国民が情報を得て、( )ために必要だから。
(3)日本国憲法に定められている天皇の国事行為にあてはまらないものを
次のア~エの中か ら1つ選び、記号で答えなさい。
ア 法律を公布すること イ 衆議院を解散すること
ウ 最高裁判所の長官を指名すること エ 同会を召集すること
(4)次のア~エの日本国憲法の条文の中から、社会権に関するものとして
最も適するものを1つ選び、記号で答えなさい。
ア すべて国民は、法律の定めるところにより、その能力に応じて、ひとしく教育を受
ける権利を有する。
イ 何人も、公共の福祉に反しない限り、居住、移転及び職業選択の自由を有する。
ウ 何人も、裁判所において裁判を受ける権利を奪われない。
エ 集会、結社及び言論、出版その他一切の表現の自由は、これを保障する。
ここで、日本国憲法について簡単にまとめてみましょう!
<日本国憲法の制定>
1.大日本帝国憲法の制定
伊藤博文らが、君主権の強いプロシア憲法(ドイツ帝国憲法・プロイセン憲法)を参考に草案を作成。1889年、明治天皇によって発布されました。
2.日本国憲法の制定
政府の作成した草案は、民主化が不十分と連合国軍最高司令官総司令部(GHQ)に拒否され、独自の草案が提示。それをもとに、政府は憲法改定案を発表。1946年(昭和21年)11月3日に公布。1947年5月3日から施行されました。
3.憲法と立憲主義
憲法は、人権の保障と国の政治の仕組みの2つの内容で構成されています。これは政治の仕組みを定めることで政治権力を制限し、人権を保障しようとするものとなっています。
そのためにはあらゆる政治も、憲法にもとづいて行わなければなりません。この原則を『立憲主義(立憲政治)』といいます。
憲法とは、『国の根本法規(主権の所在や政治の仕組みなど、国の根本(基本)的なあり方を定めた法)』であり、『国の最高法規(すべての法のなかで最上級の法)』です。憲法に反するすべての法律や命令などは無効となります。
<日本国憲法の基本原則>
1.日本国憲法の基本原則
日本国憲法は、次の3つの考え方を基本的な原則としています。
① 国民主権
② 基本的人権の尊重
③ 平和主義
国民主権・・・国の政治の決定権は国民にあるということ。

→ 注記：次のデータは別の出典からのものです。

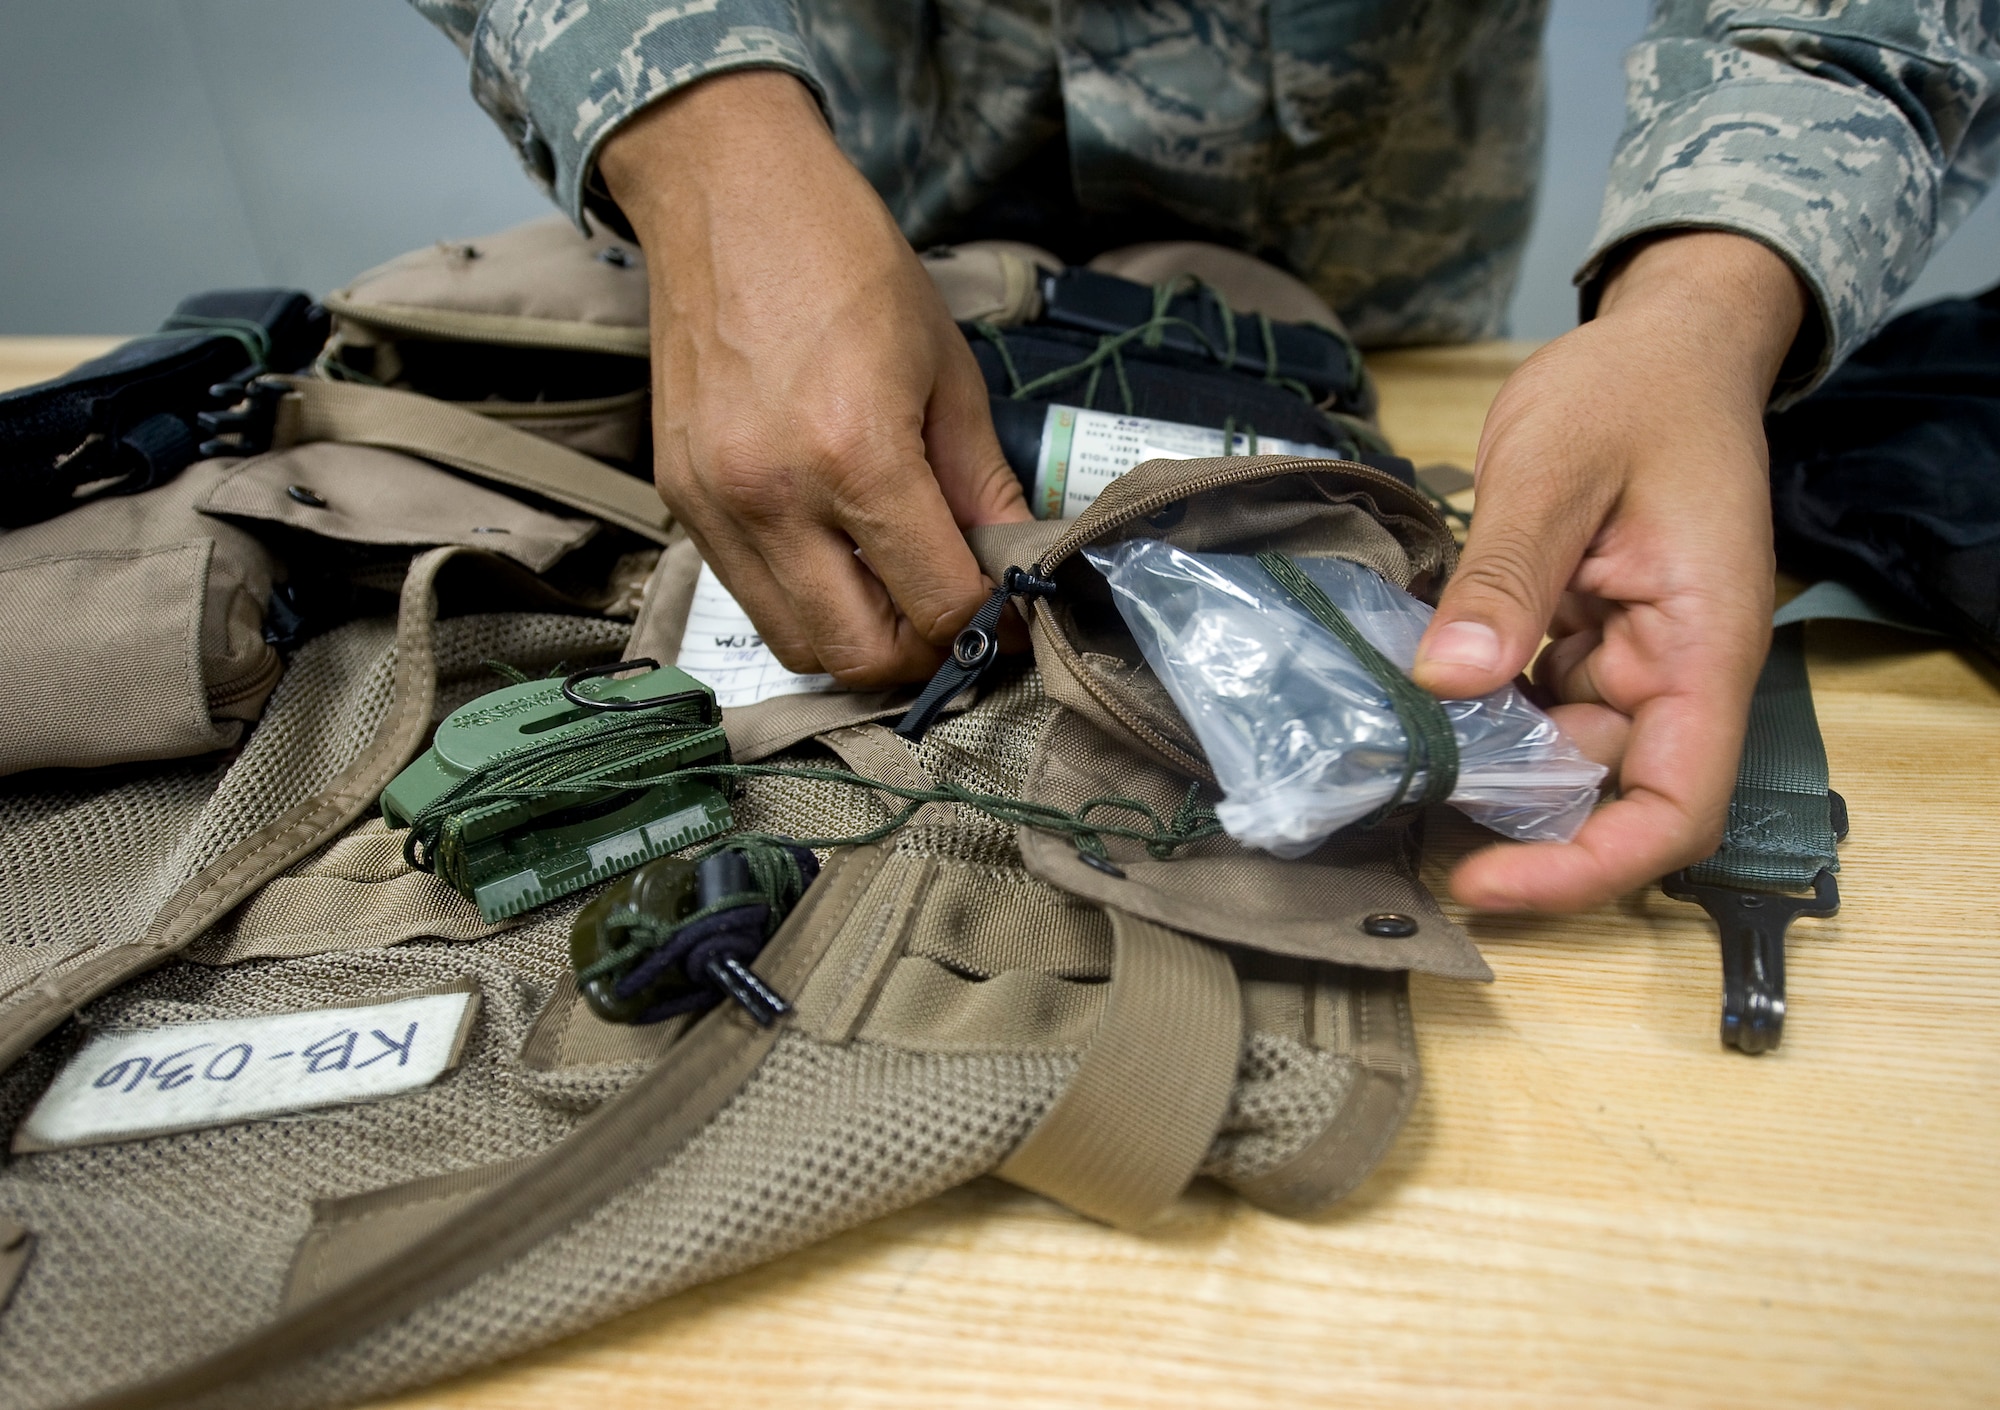 Airman Delonte Vance, 2nd Operations Support Squadron aircrew flight equipment journeyman, takes inventory of a survival vest during a yearly inspection at Barksdale Air Force Base, La., July 19. The survival vests are equipped with several tools to assist crew members in the event of a crash. Included in the vest are signaling devices, water, fire starting equipment and navigation aids. (U.S. Air Force photo/Staff Sgt. Chad Warren)(RELEASED)

天皇は日本国や日本国民統合の象徴。(大日本帝国憲法のもとでは、天皇に主権がありました。)
基本的人権の尊重・・・人間が生まれながらにしてもっている権利(基本的人権)を不可侵・永久の権利として保障。
平和主義・・・世界の恒久平和のために努力する考え。憲法の前文で国際協調主義を宣言し、第9条で戦争の放棄、戦力の不保持、交戦権の否認を定めています。
2.憲法の改正
憲法は国の最高法規であることから、憲法の改正には法律の改正よりも厳格な手続きが定められています。具体的な手続きは、憲法第96条をもとに、制定された憲法改正に関する国民投票法に定められています。
~改定への流れ~
①内閣または国会議員が憲法改正原案を提出
↓
②衆参各議員の総議員の3分の2以上の賛成で発議
↓
③国民投票によって過半数の賛成が必要
↓
④天皇が国民の名で公布
<正解>
(1)エ
(2)(例)民主的な政治を進め、国や地方公共団体を監視し、その不正をなくす
(3)ウ
(4)ア
4問中2問以上間違いがある場合は、人権の尊重と日本国憲法について理解不足であるといえます。政治分野はほかにも、国会や内閣、裁判所、選挙、地方自治と確認すべき内容がたくさんあります。経済を学ぶ上でも、この夏でしっかりと基本をおさえていきましょう!